--- Dataset excerpt ---
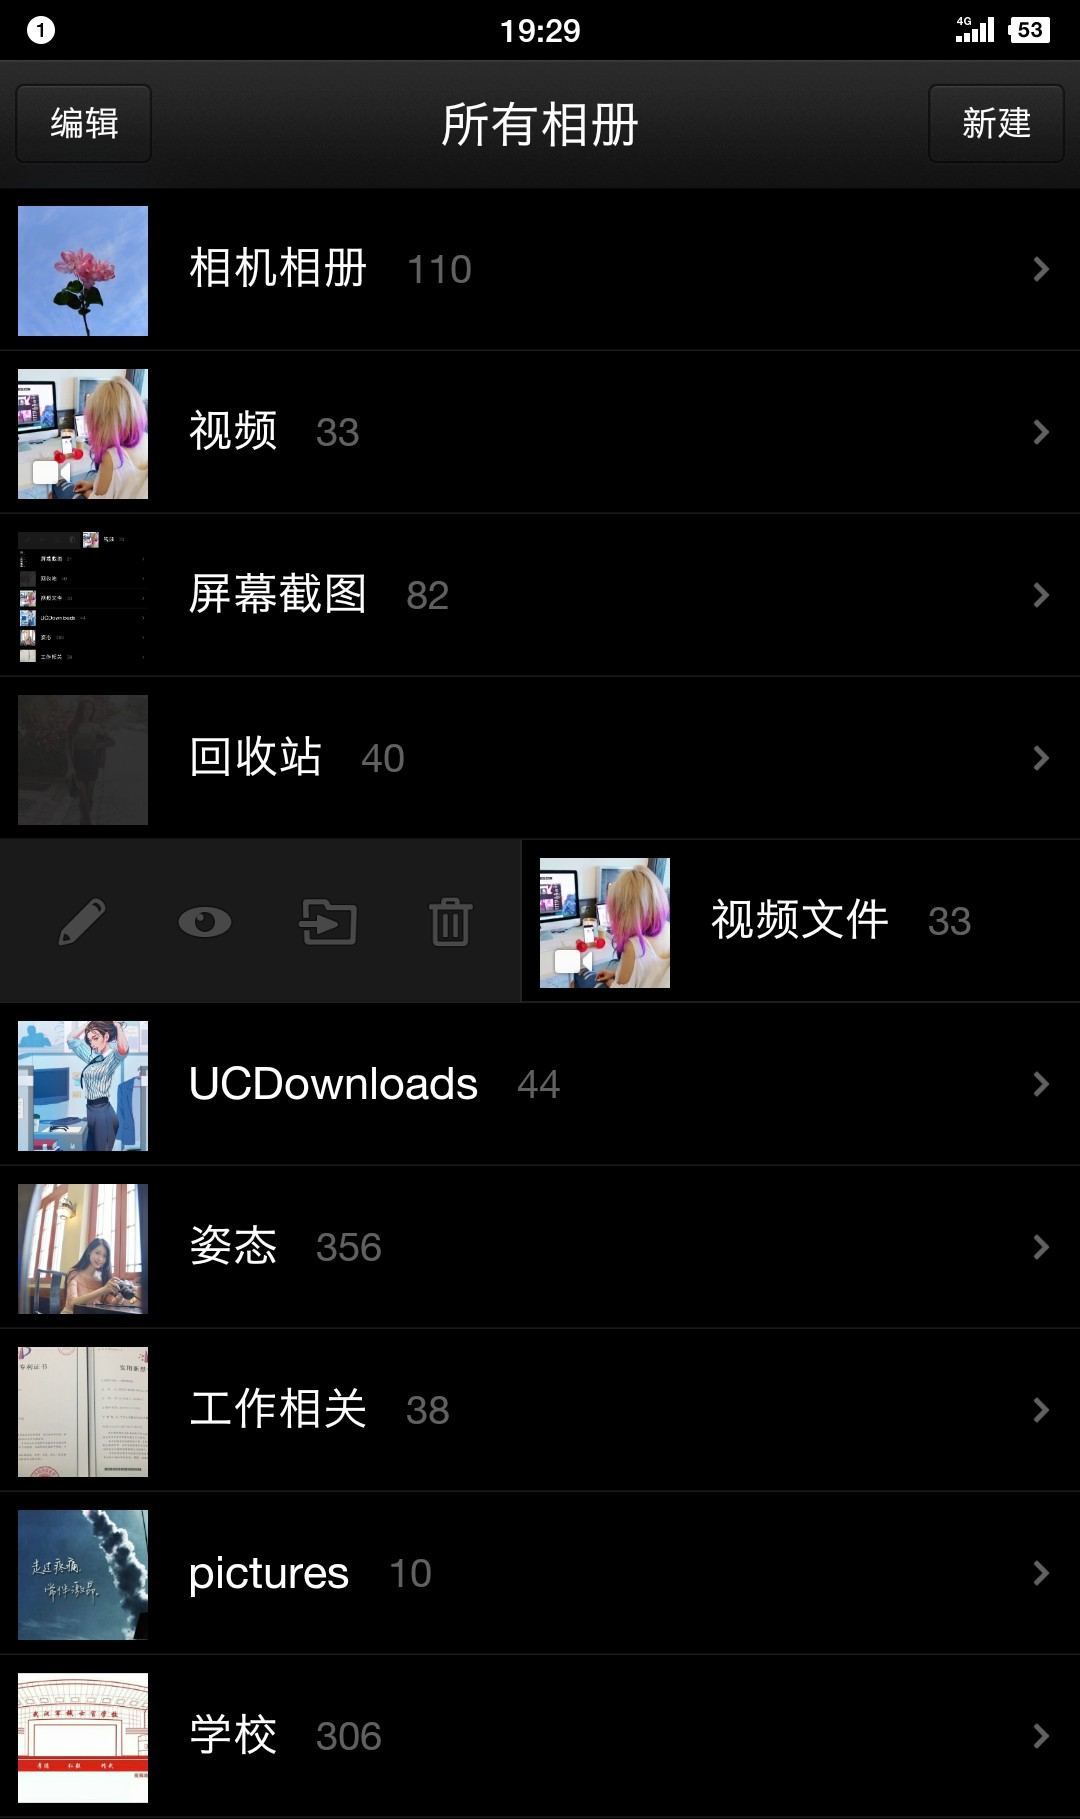 Screenshot_2017-11-23-19-29-53-222_??.png
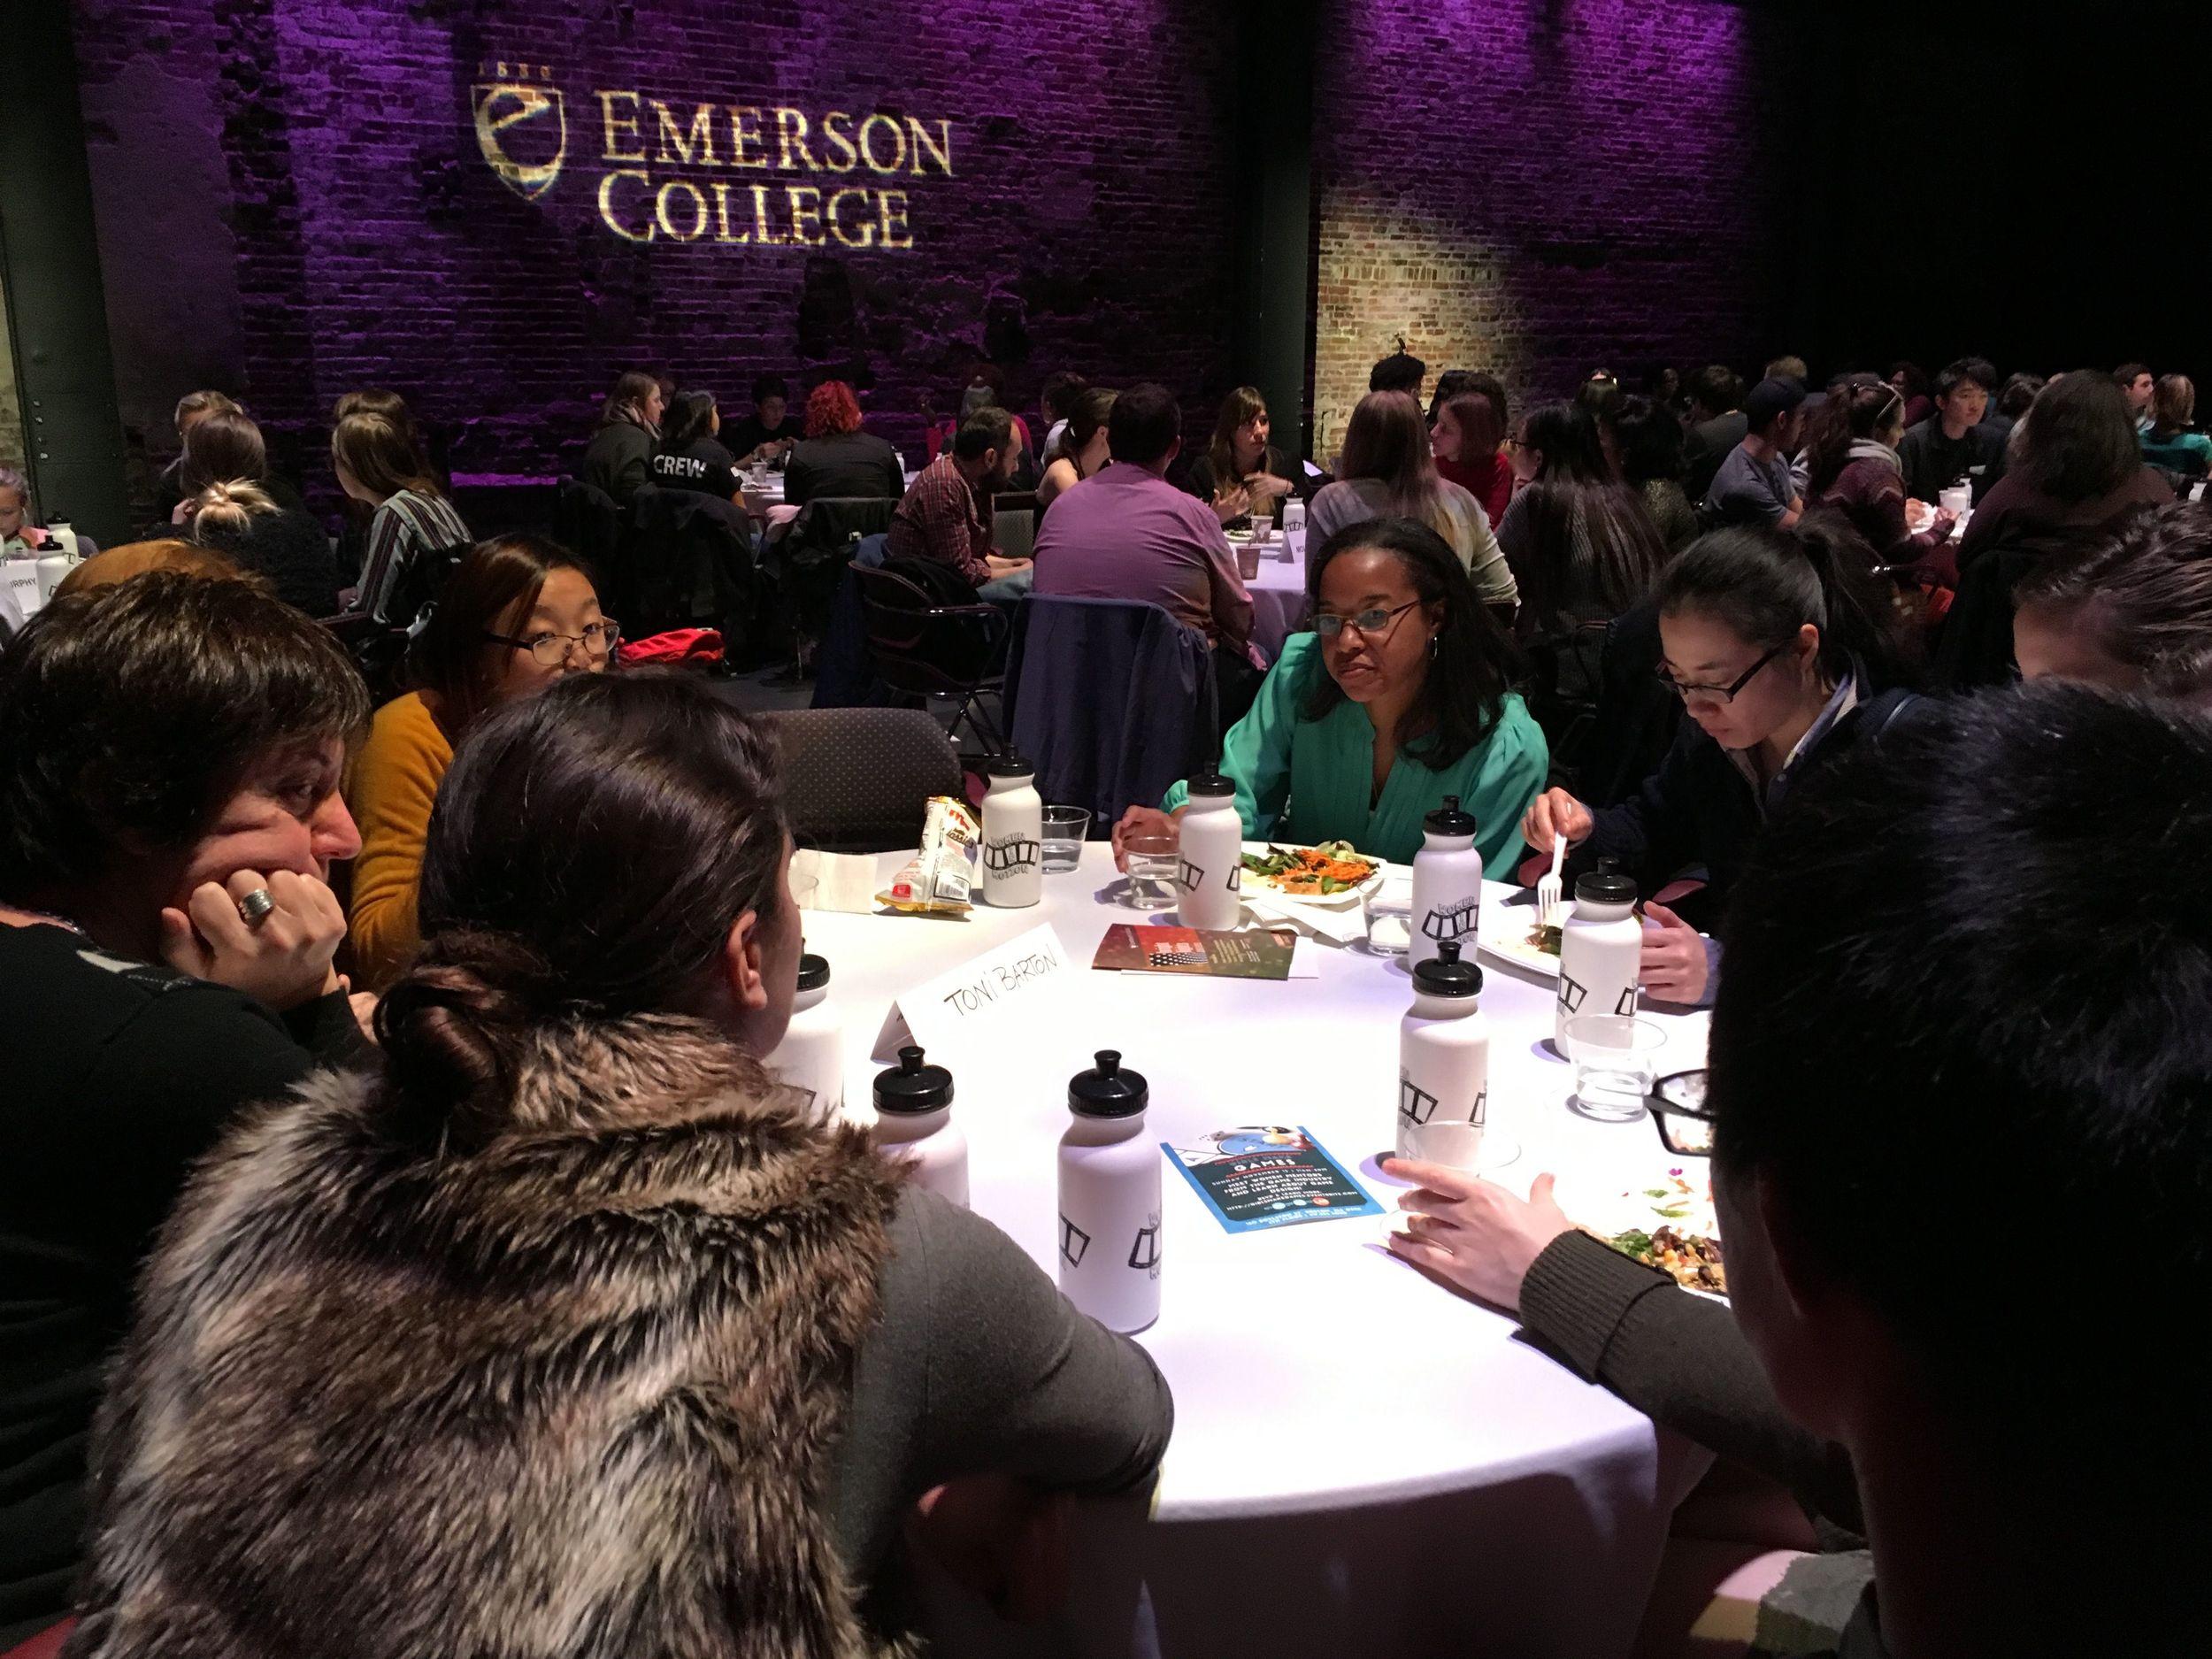 Art Director/Production Designer Toni Barton with Emerson College students.
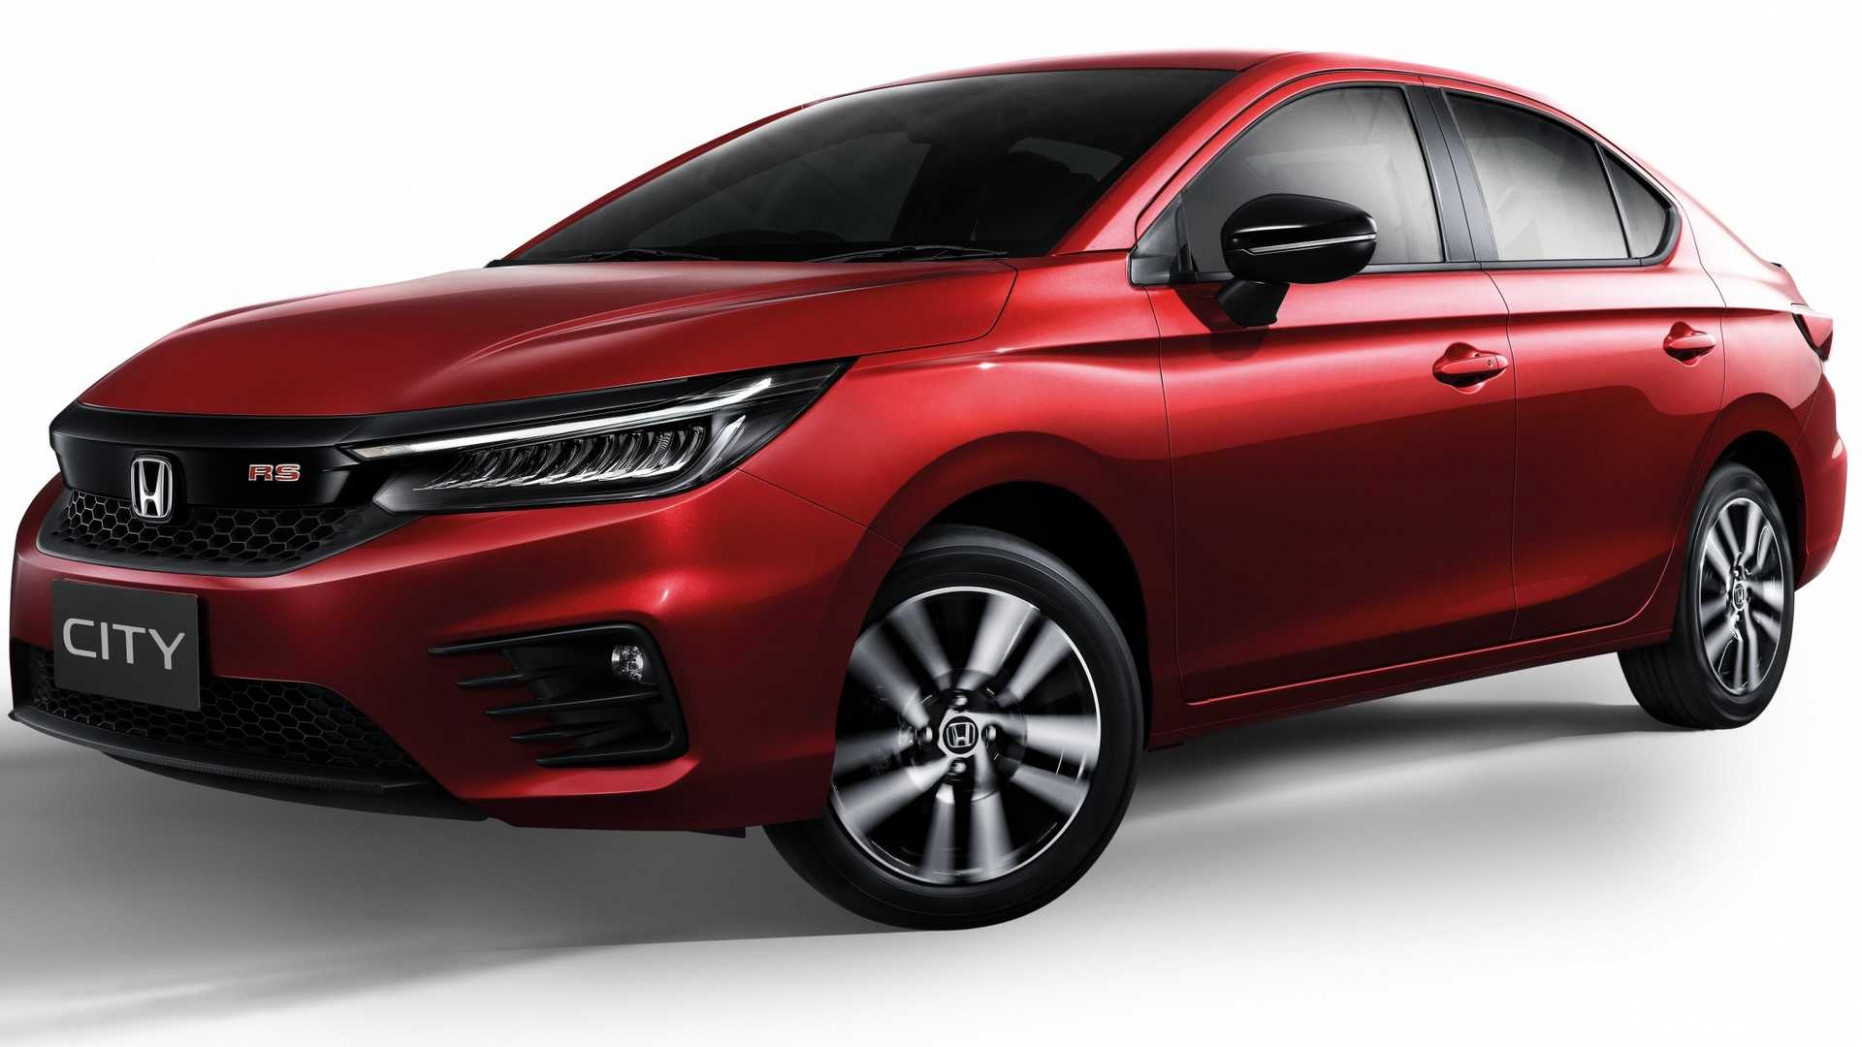 Release Date Honda City 2022 Launch Date In Pakistan

--- Assignment ---
In the data above, find the line with "Art Director/Production Designer" and repeat it and every line after it through the end, exactly; leave the pictures out.

--- Reply ---
 Art Director/Production Designer Toni Barton with Emerson College students.
 Release Date Honda City 2022 Launch Date In Pakistan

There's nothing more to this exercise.